==== Record set ====
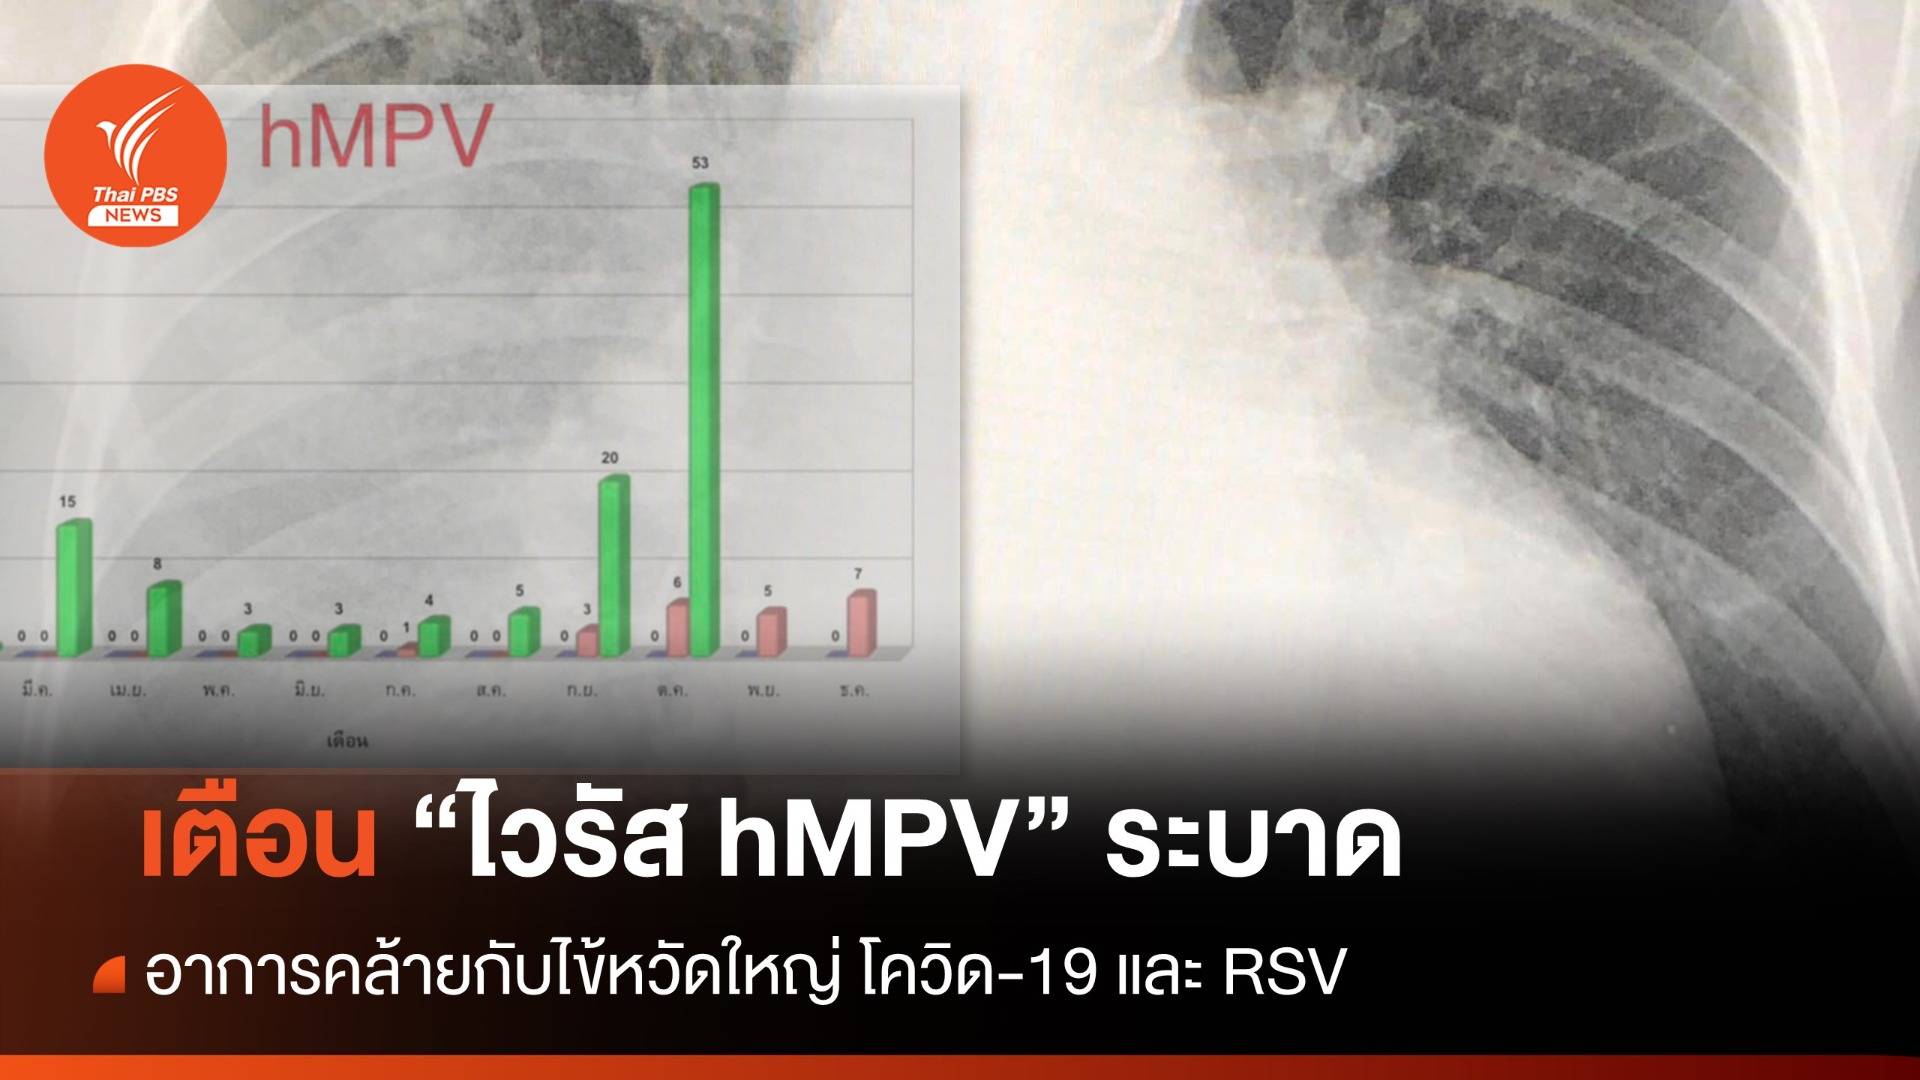 "หมอมนูญ" เตือน "ไวรัส hMPV" ระบาด อาการคล้าย "ไข้หวัดใหญ่ - โควิด - RSV"
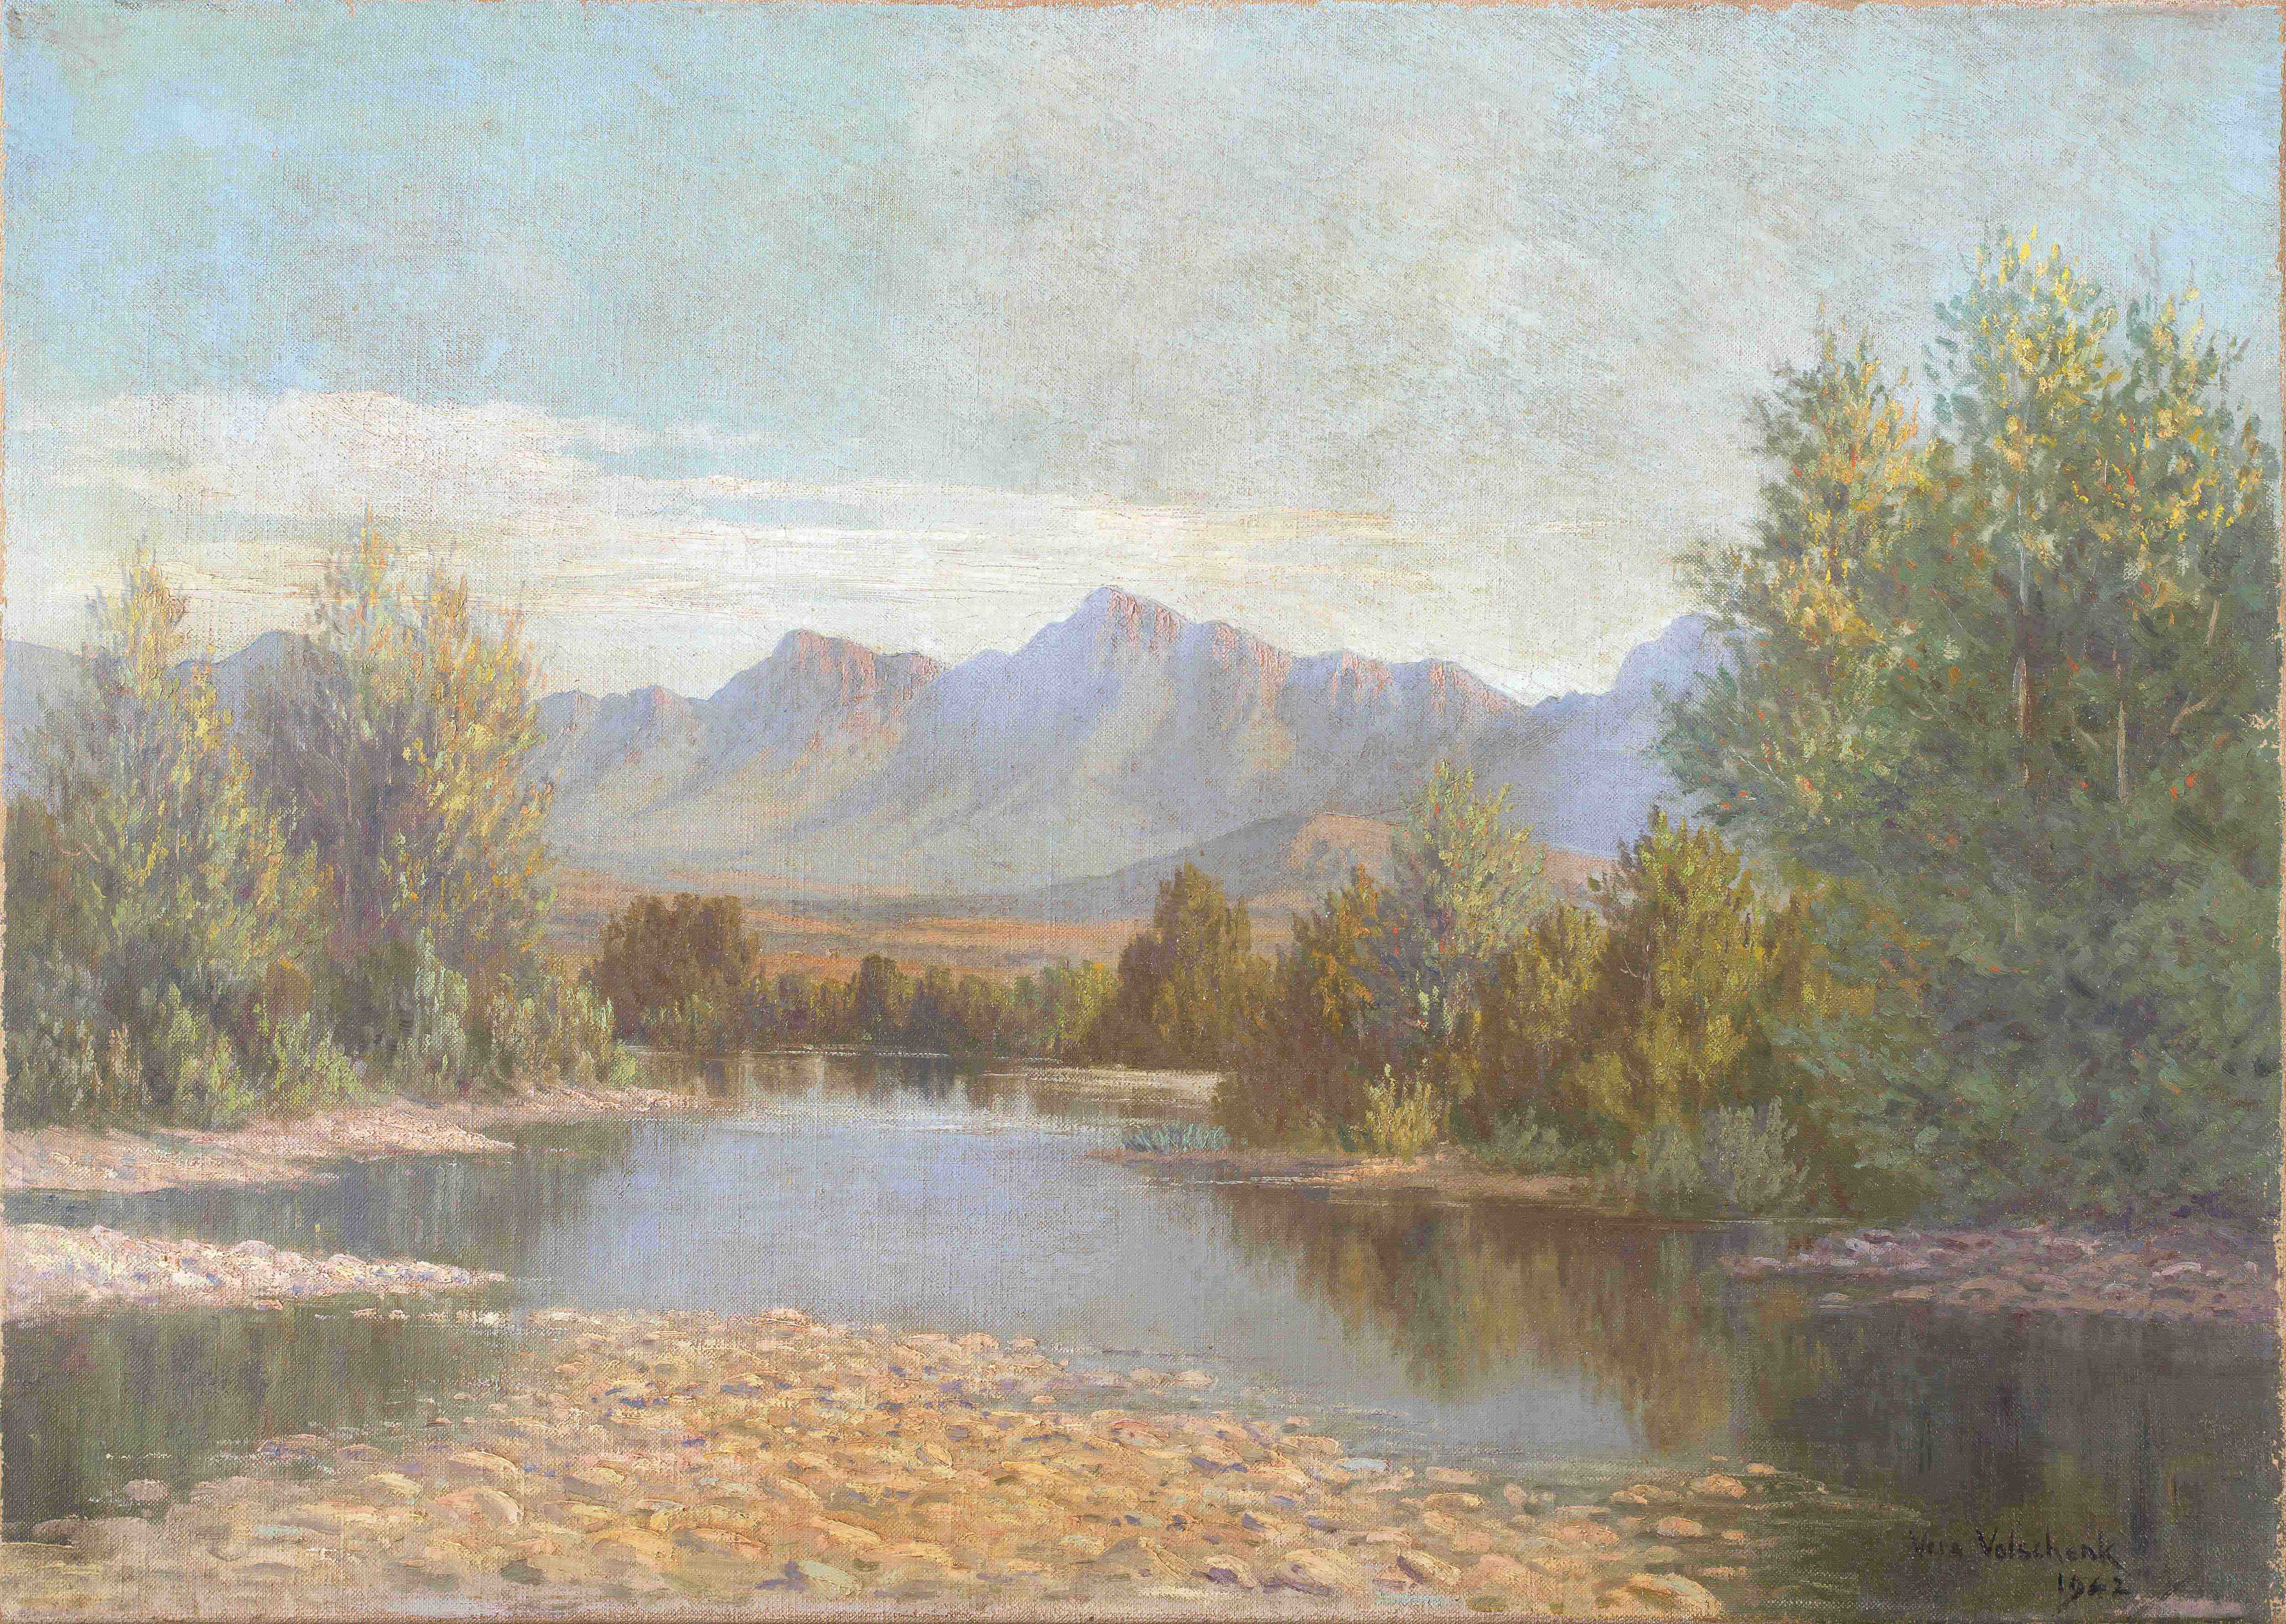 Vera Volschenk; The Berg River, Paarl
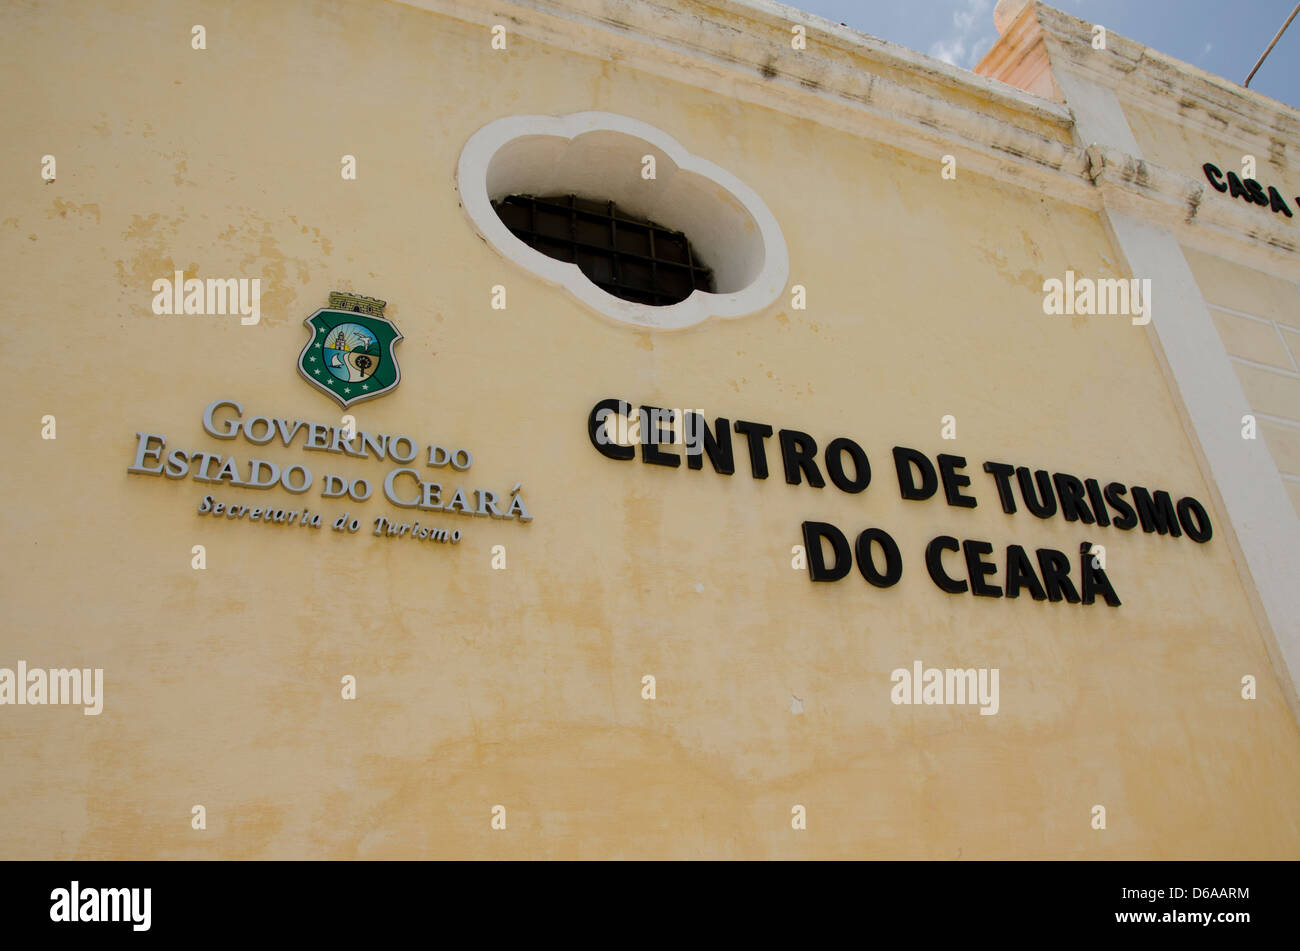 Brasilien, Fortaleza. Emcetur touristisches Zentrum, Handwerkermarkt, untergebracht in einem ehemaligen Gefängnis. Stockfoto
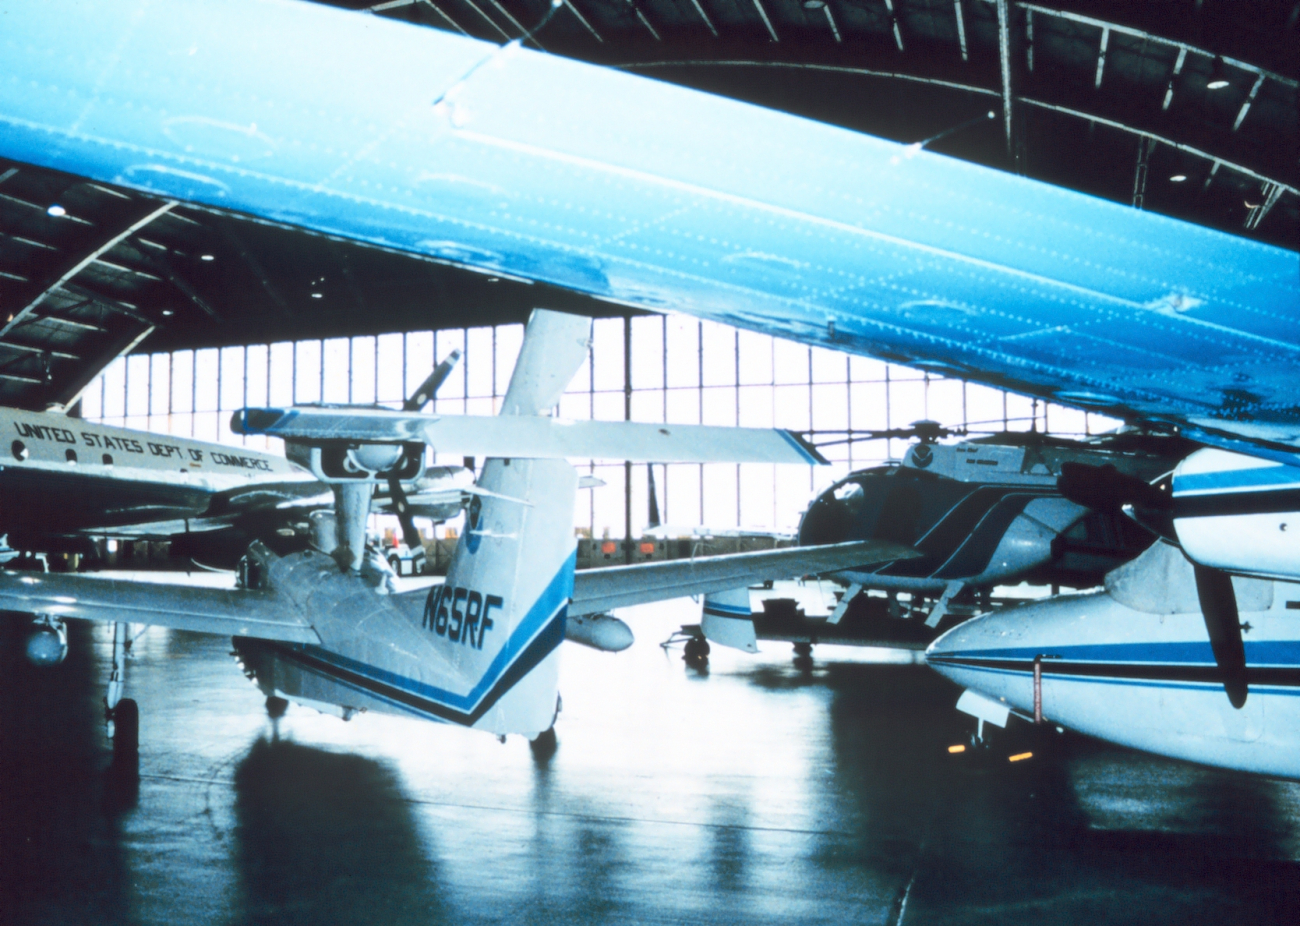 A menagerie of NOAA aircraft at the NOAA hangar at MacDill AFB
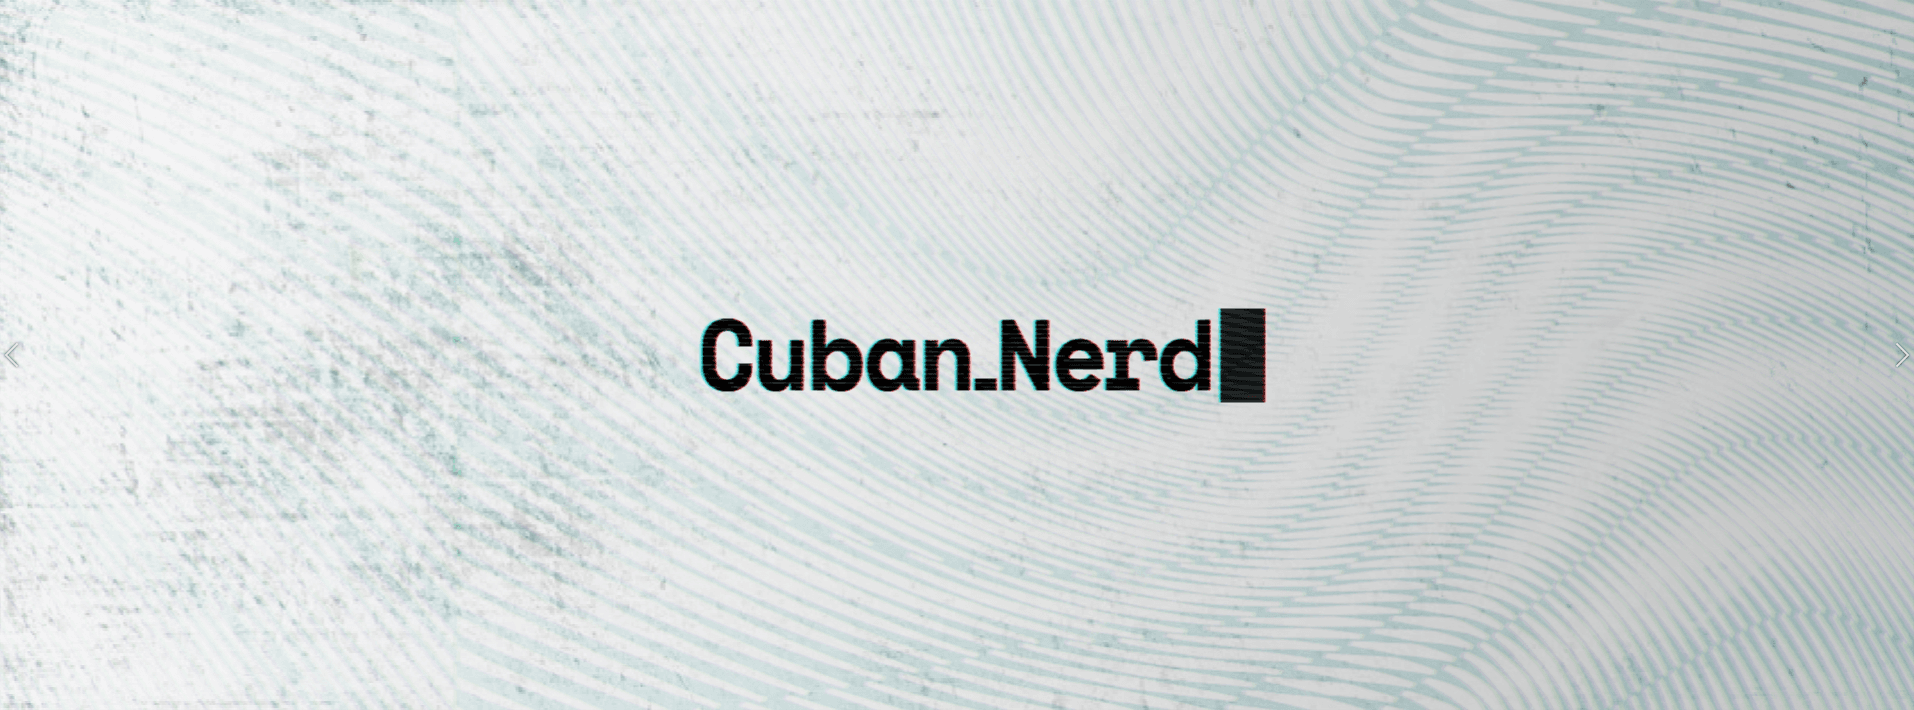 cubannerd banner
====
Task brief: Although the material contains pictures, only the lines are to be written out, exactly as they stand.

Task solution:
 "หมอมนูญ" เตือน "ไวรัส hMPV" ระบาด อาการคล้าย "ไข้หวัดใหญ่ - โควิด - RSV"
 Vera Volschenk; The Berg River, Paarl
 Brasilien, Fortaleza. Emcetur touristisches Zentrum, Handwerkermarkt, untergebracht in einem ehemaligen Gefängnis. Stockfoto
 A menagerie of NOAA aircraft at the NOAA hangar at MacDill AFB
 cubannerd banner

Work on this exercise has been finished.